Investors are rushing to buy these before the Stocks and Shares ISA deadline. Should we join in?

Investors are rushing to buy these before the Stocks and Shares ISA deadline. Should we join in?


Calendar showing the date of 5th April on desk in a house

Image source: Getty Images

We’re in the final days before the 5 April ISA deadline, and investors are adding some of the UK’s most popular companies to their Stocks and Shares ISAs. But there’s one important point to note. We don’t need to rush any stock purchase decisions before the end of the week.

No, the ISA deadline is simply the last day we can contribute cash up to the 2025-26 annual limit of £20,000. Then once it’s in our accounts, we can take our time to decide what we want to buy with it. There’s no deadline on making our actual investment decisions

But we might be able to get some guidance by seeing what people have been buying in March. And the latest update from interactive investor shows a few of my favourite stocks among the 10 most popular. Two of them are on my shortlist, and their share prices have had very different five-year journeys.

Bank on a rebound

NatWest Group (LSE: NWG) is one, up 150% over the past five years. But at the time of writing, NatWest shares are down 23% since their 52-week high in early February. So while the FTSE 100 itself might not have crashed — that means a fall of 20% or more — the NatWest share price has.

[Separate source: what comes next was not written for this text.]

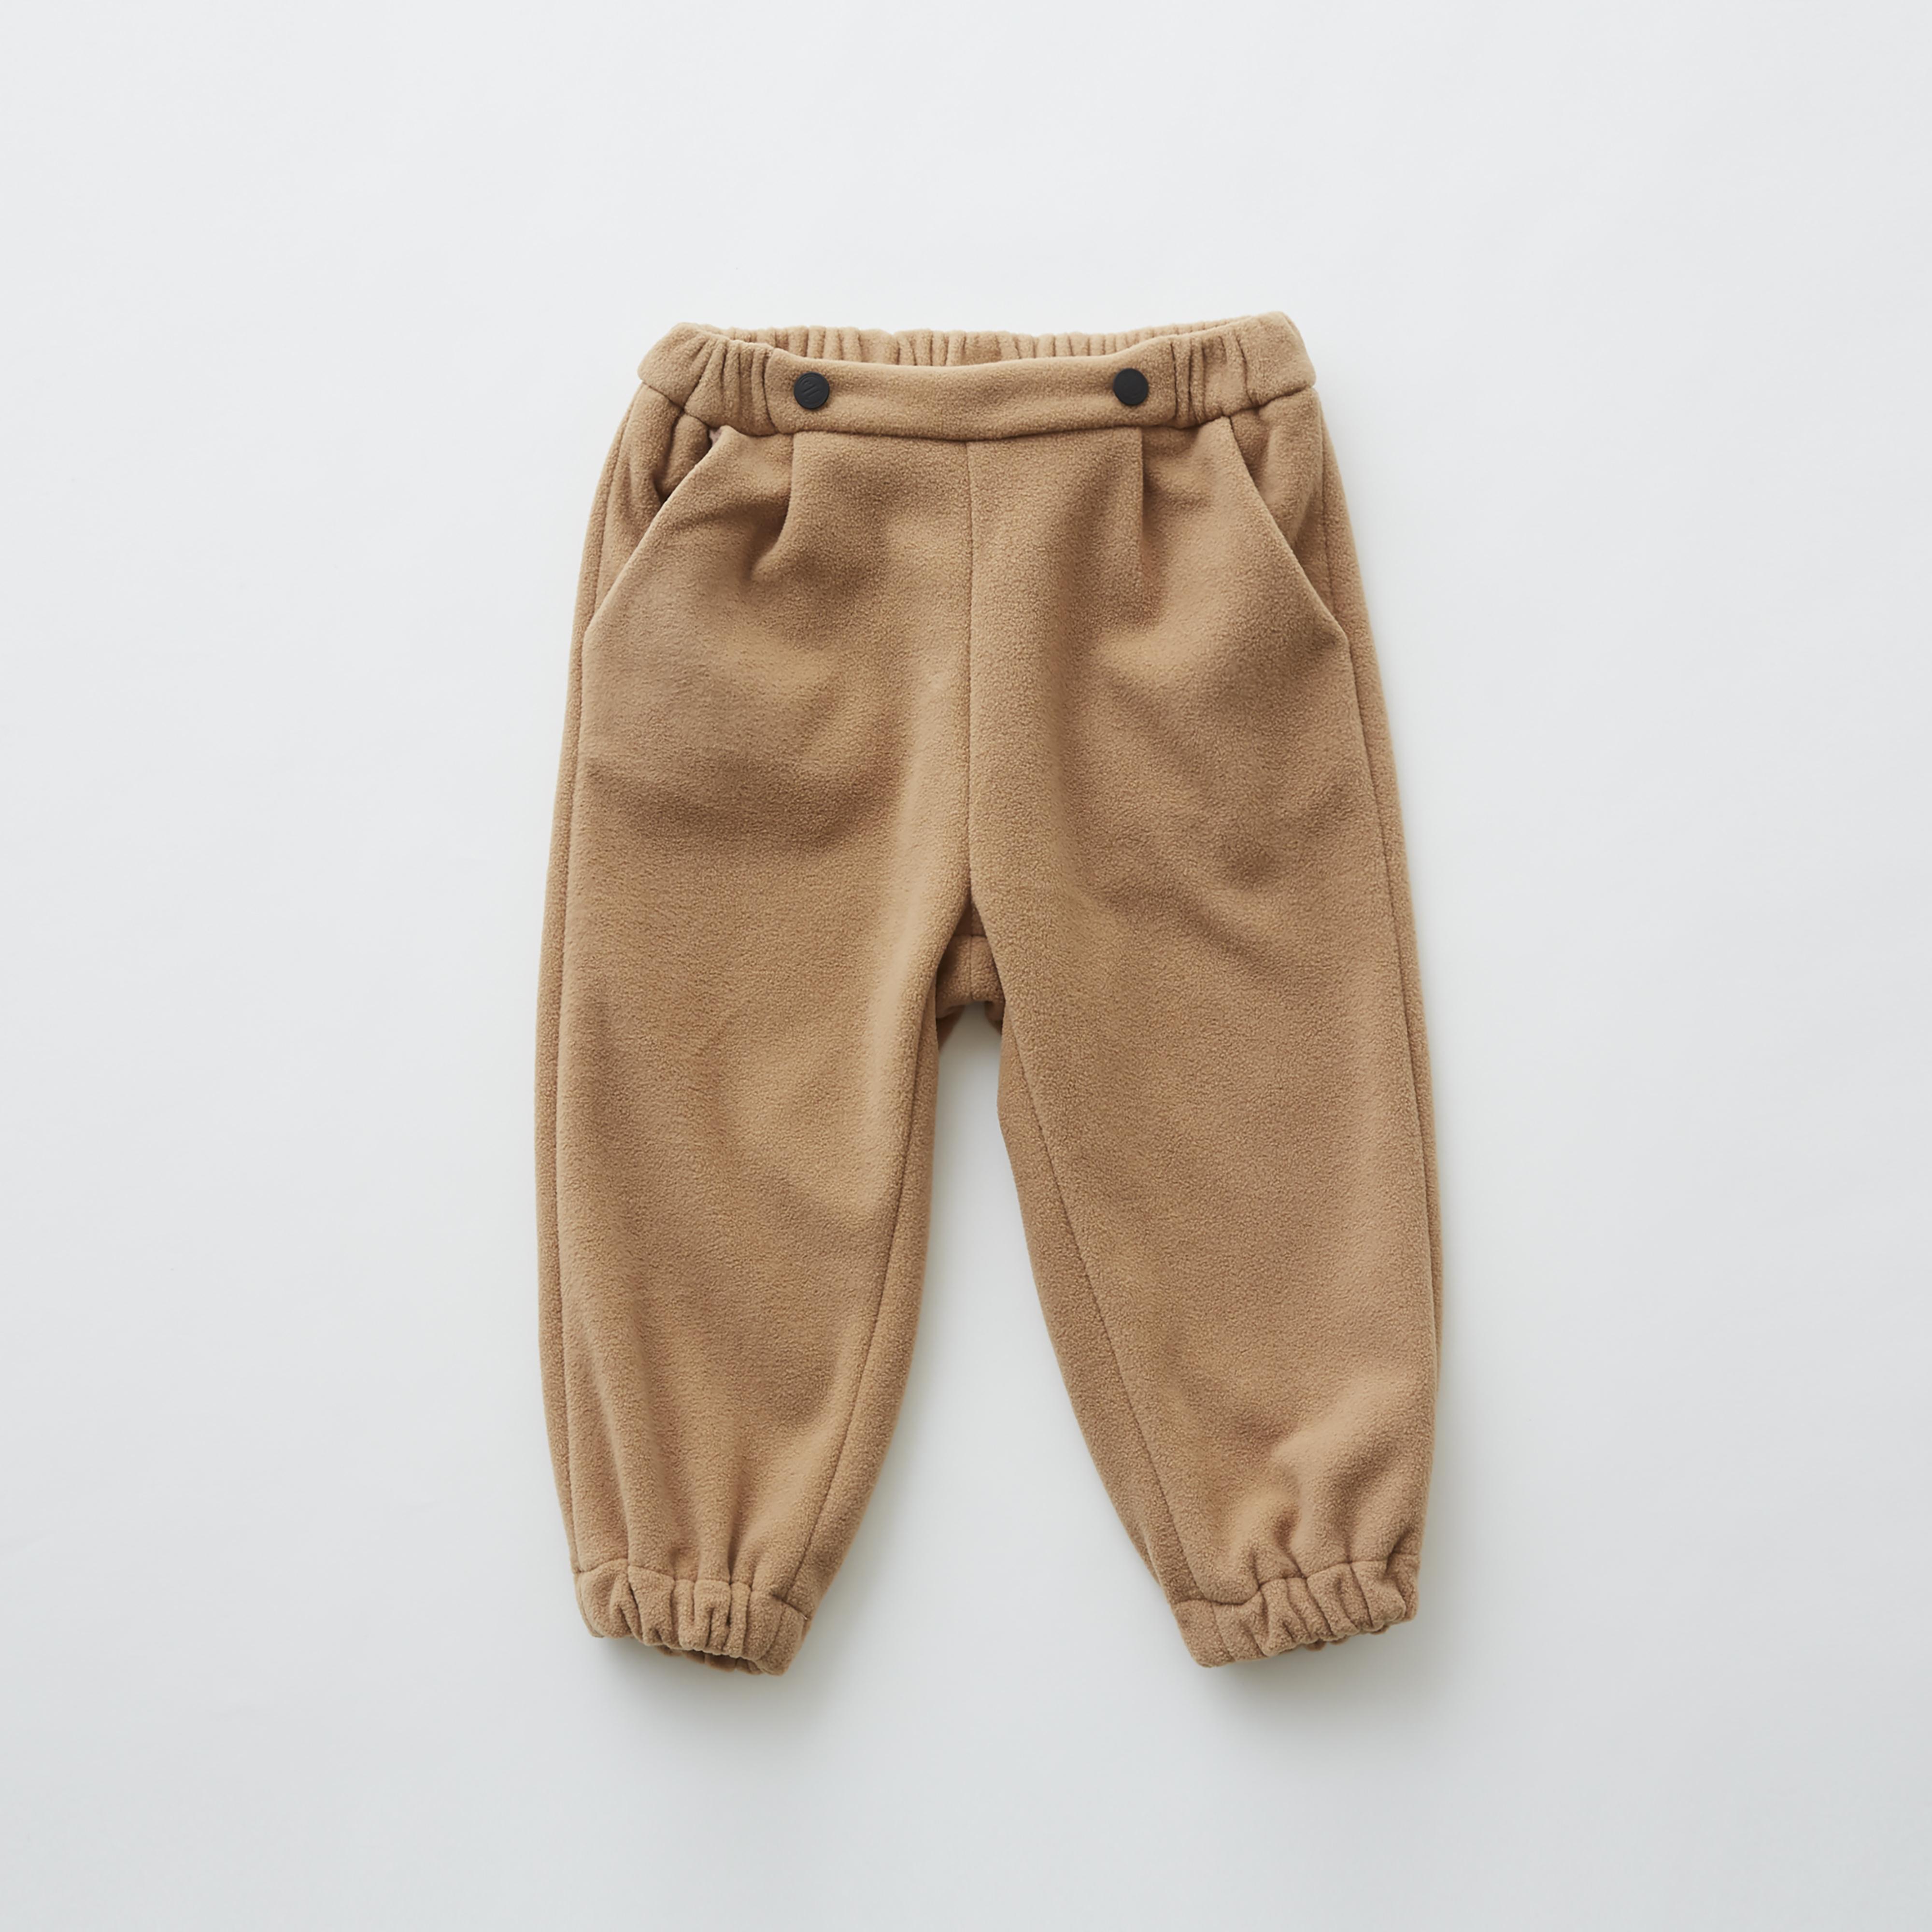 《eLfinFolk 2019AW》freece pants / beige / 80・90・100cm

It’s Iran, oil, inflation, and all of the rest of the fallouts threatened by the Middle East conflict. Things like that always hit the financial sector, because it underlies just about everything. But to me, the NatWest valuation still looked cheap even after that storming five-year gain, let alone after its recent fall.

NatWest is on a forward price-to-earnings (P/E) ratio of only 7.7 now — around half the Footsie long-term average. And the share price fall has pushed the forecast dividend yield up to 6%.

Now, the dividend isn’t guaranteed. And I can see a volatile time ahead for this one and other financial stocks. But is it one to consider buying on the dips, and holding in a Stocks and Shares ISA for the long term? I think so.

Build for the long term

It would be nice to be able to say Taylor Wimpey (LSE: TW.) is coming down from a strong five-year run too. But the truth is we’ve had year after year of events conspiring against the housebuilding industry. And just when inflation was seriously starting to soften and further interest rate cuts were on the cards… well, fellow builder Bellway perhaps said it best.

With its 24 March results, we heard: “The ongoing conflict in the Middle East heightens the risk of both inflationary cost pressures and an impact to customer demand, and we have already seen volatility return to the mortgage market.”

So, yes, there are some short-term threats, once again, to companies like Taylor Wimpey. But the long-term UK need for new housing isn’t going away… even if it has been stretching even long-term investors’ patience in the past decade and more.

And the — admittedly not guaranteed — forecast dividend yield is up at 8.8% now. Keep taking the cash while waiting for better times? Taylor Wimpey has got to be worth considering too.